### Stored data
● ● ● ● ●

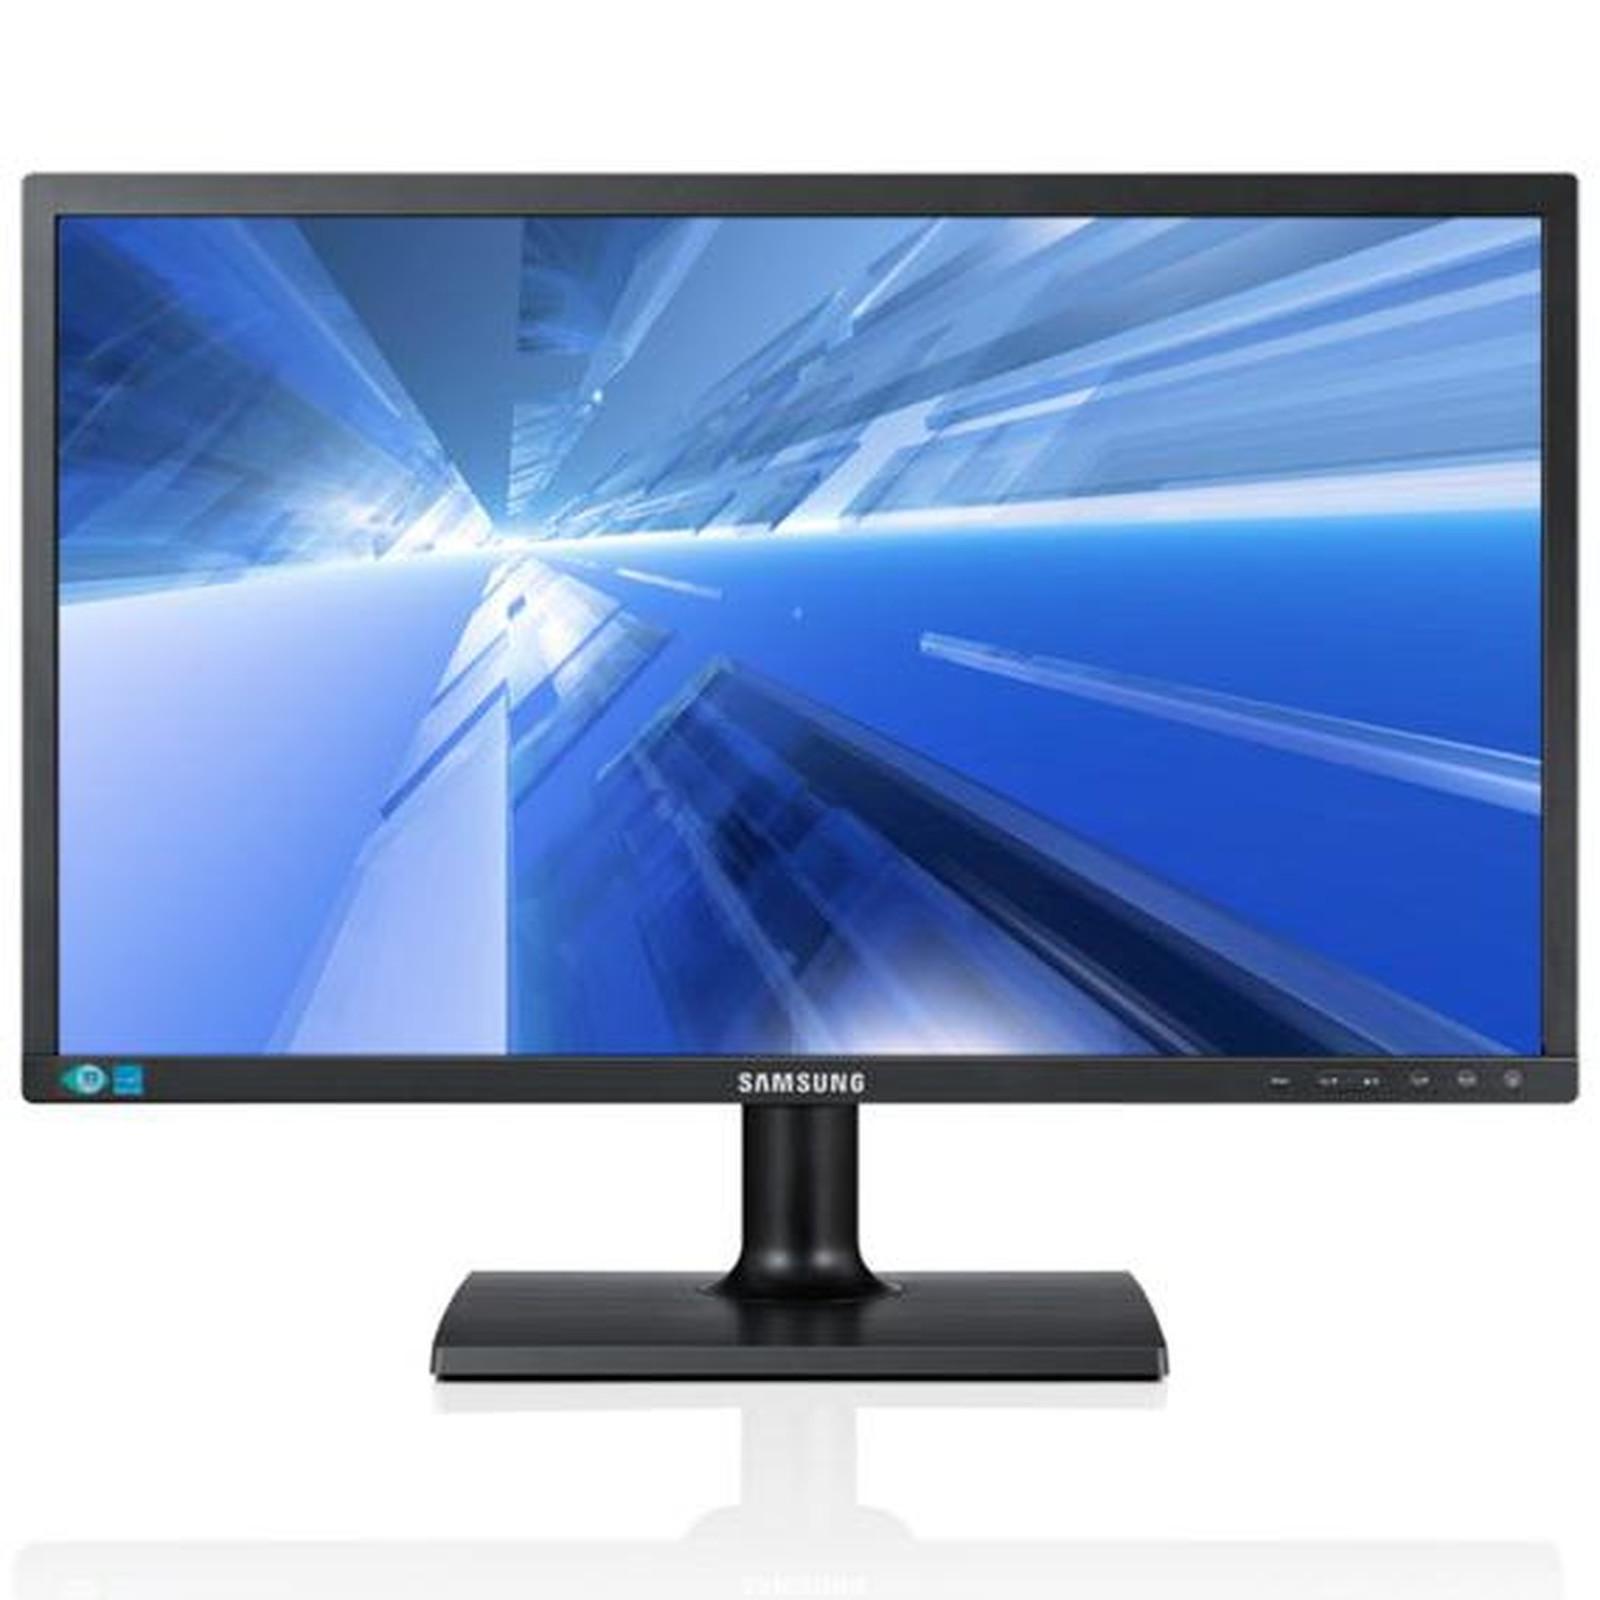 "Samsung 21.5"" LED - SyncMaster S22C200B"
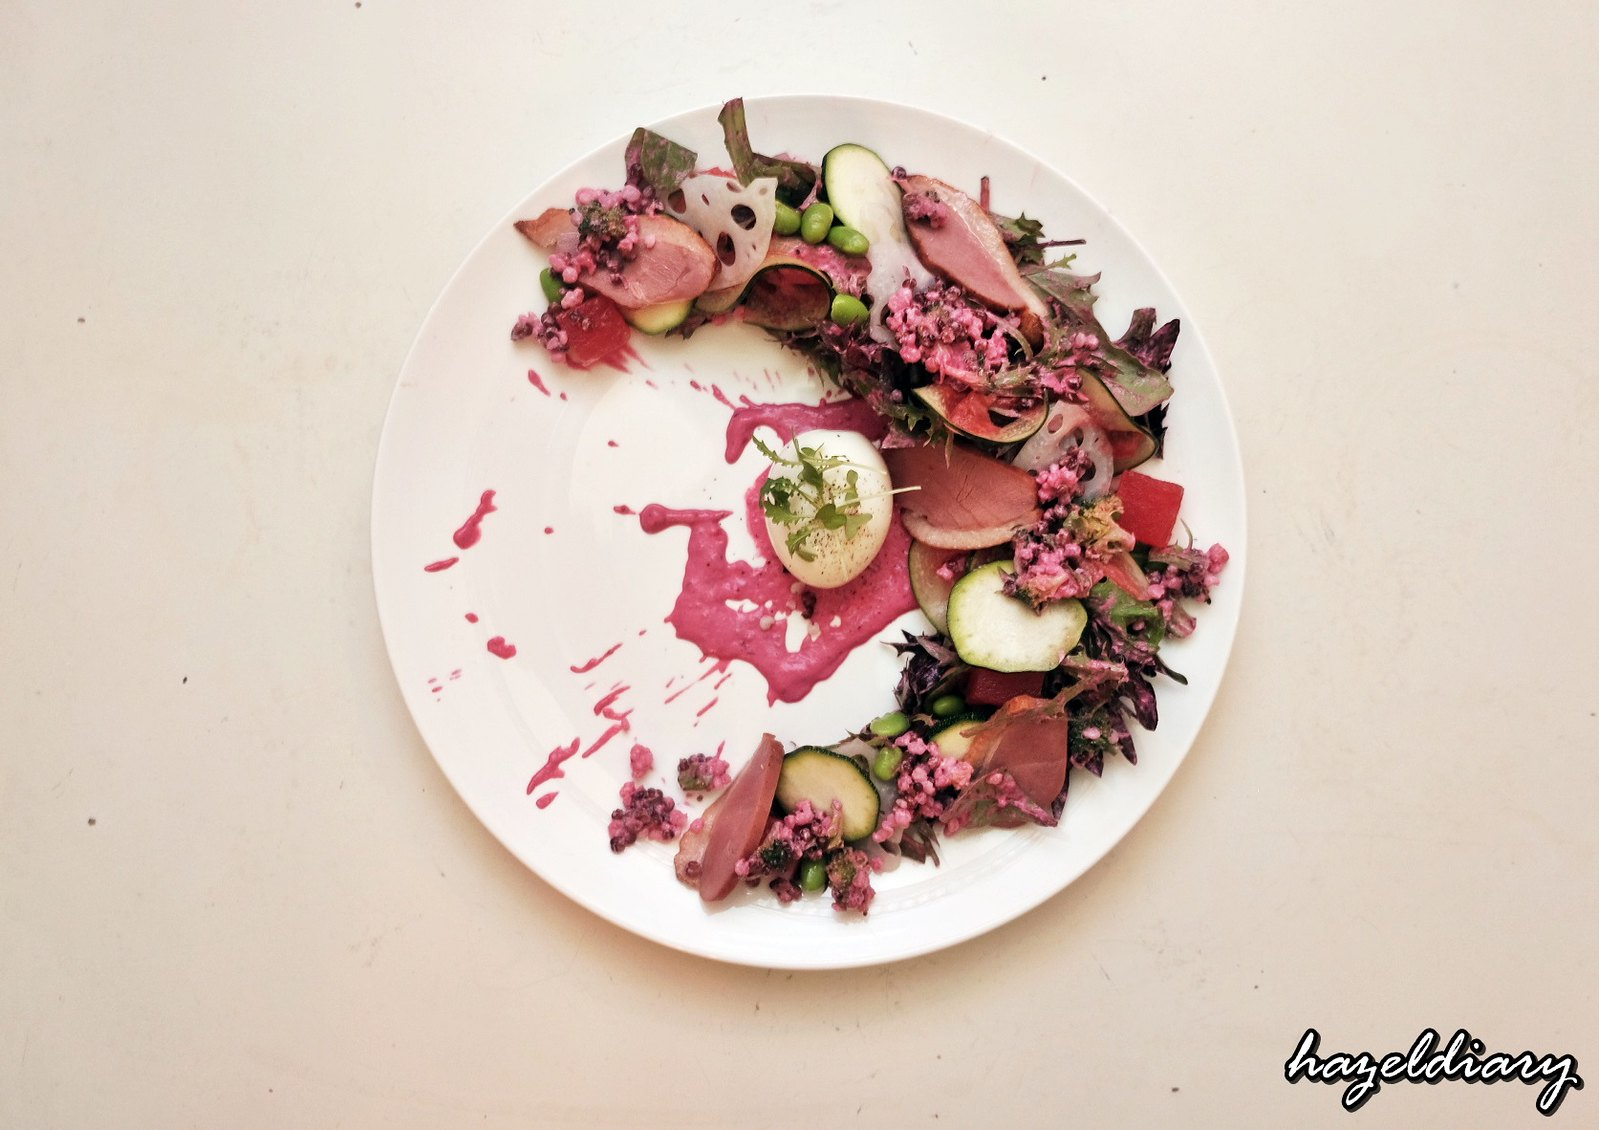 Antoinette-Watermelon & Duck Salad
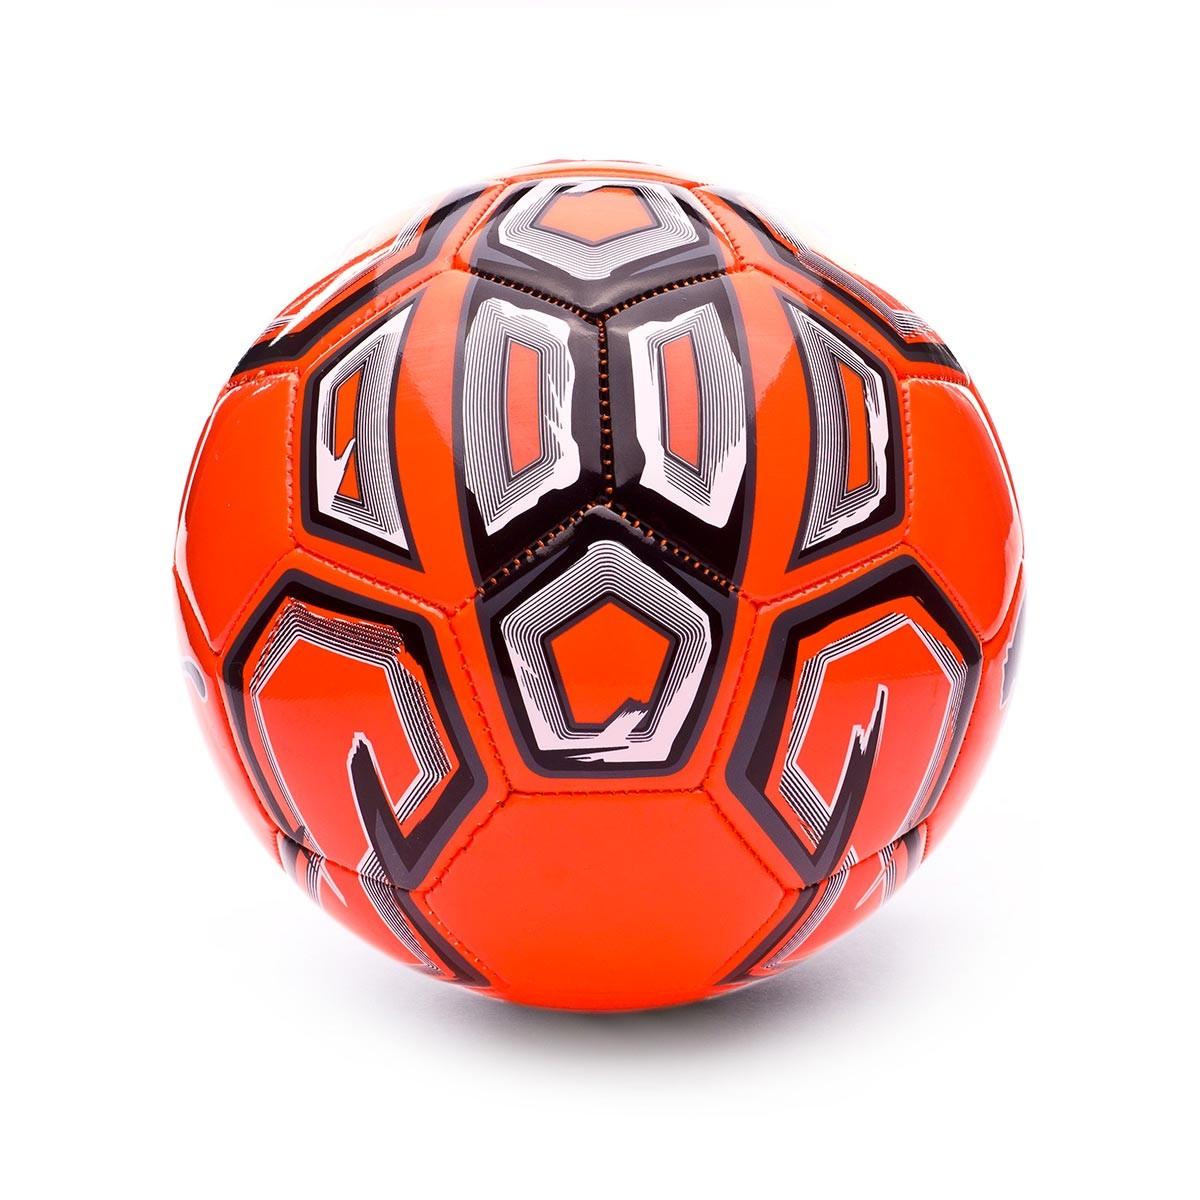 2c3d40501d887 Balón Puma Futsal 1 Trainer MS Shocking orange-Puma black-Puma white -  Tienda de fútbol Fútbol Emotion
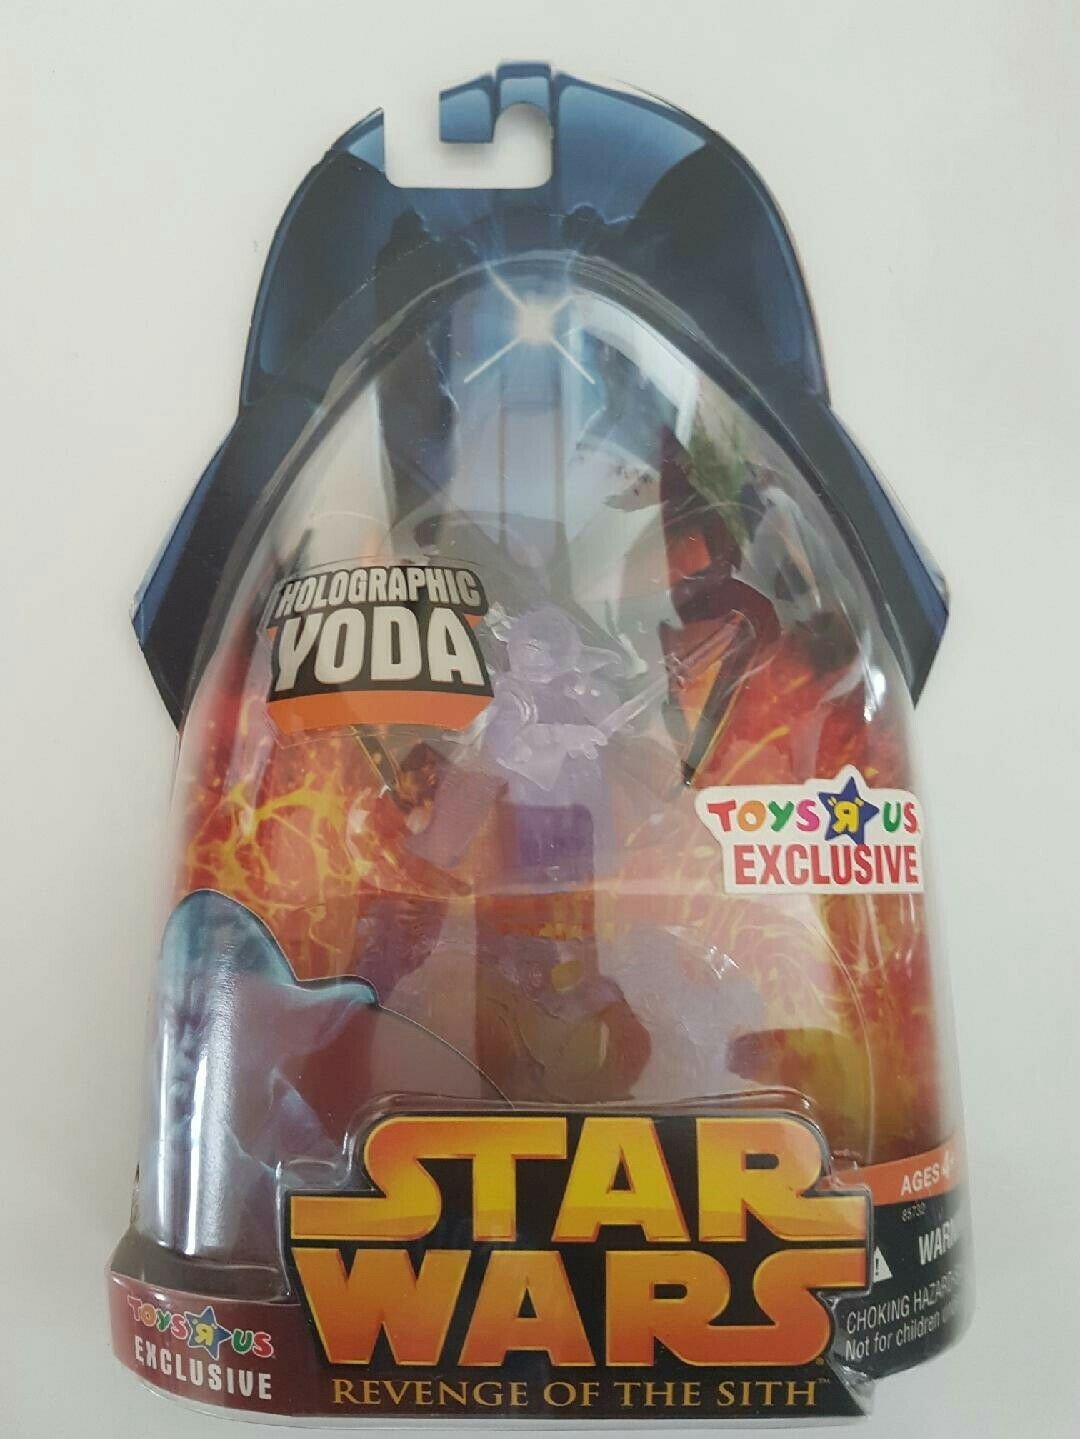 StarWars figurine : STAR WARS FIGURINE HOLOGRAPHIC YODA EXCLUSIVE SÉRIE REVENGE OF THE SITH NEUF

● ● ● ● ●

### To do
To complete this exercise, repeat exactly the lines above from the one holding "Antoinette-Watermelon & Duck Salad" to the end of the listing, both included, and leave the pictures out.

### Response to this exercise
 Antoinette-Watermelon & Duck Salad
 2c3d40501d887 Balón Puma Futsal 1 Trainer MS Shocking orange-Puma black-Puma white -  Tienda de fútbol Fútbol Emotion
 StarWars figurine : STAR WARS FIGURINE HOLOGRAPHIC YODA EXCLUSIVE SÉRIE REVENGE OF THE SITH NEUF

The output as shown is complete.